Gaming performance is not just reaction time. It is sleep, arousal control, visual fatigue, tilt resistance, and repeatable decision-making, so the first rule is one stimulant at a time.
This page avoids treatment claims and anti-doping advice. Competitive players should check league rules, team medical guidance, and local law before using any stimulant or supplement.
Evaluation criteria
The scoring favors acute testability, low impairment risk, sleep preservation, legal clarity, and usefulness during long sessions.

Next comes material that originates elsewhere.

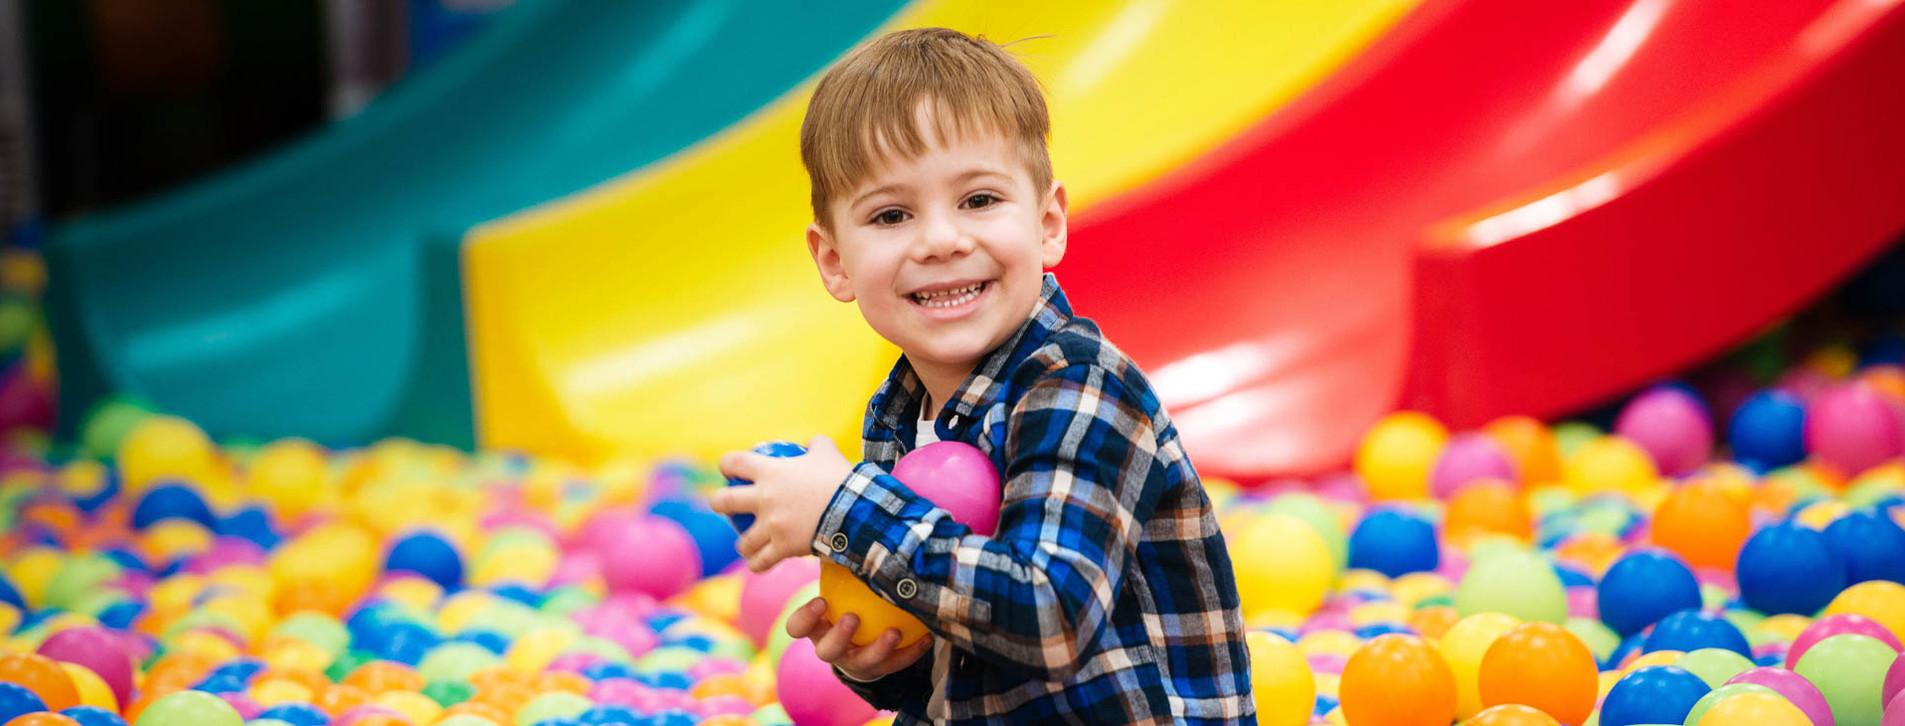 Фото 1 - Детский парк развлечений для двоих

| Candidate | Best gaming use | Evidence fit | Main caveat |
|---|---|---|---|
| Caffeine plus L-theanine | Alertness with less jitter for some players | Stronger acute attention logic than most stacks | Dose and timing can hurt sleep |
| Caffeine alone | Short ranked block or tournament morning | Well-studied stimulant effect | Can worsen anxiety and tilt |
| Creatine | Baseline support under fatigue | Possible cognitive support under demand | Not a pre-match acute aid |
| Electrolytes and carbohydrate when intake is low | Long sessions with skipped meals | Performance support through basic physiology | Not a nootropic in the narrow sense |
| Rhodiola | Fatigue experiments | Mixed and lower-confidence evidence | Activation and sleep risk |
What to avoid
Avoid mixing caffeine with yohimbine, synephrine, nicotine pouches, energy shots, and pre-workout blends before games. The outcome may feel more intense without improving aim, patience, or decision quality.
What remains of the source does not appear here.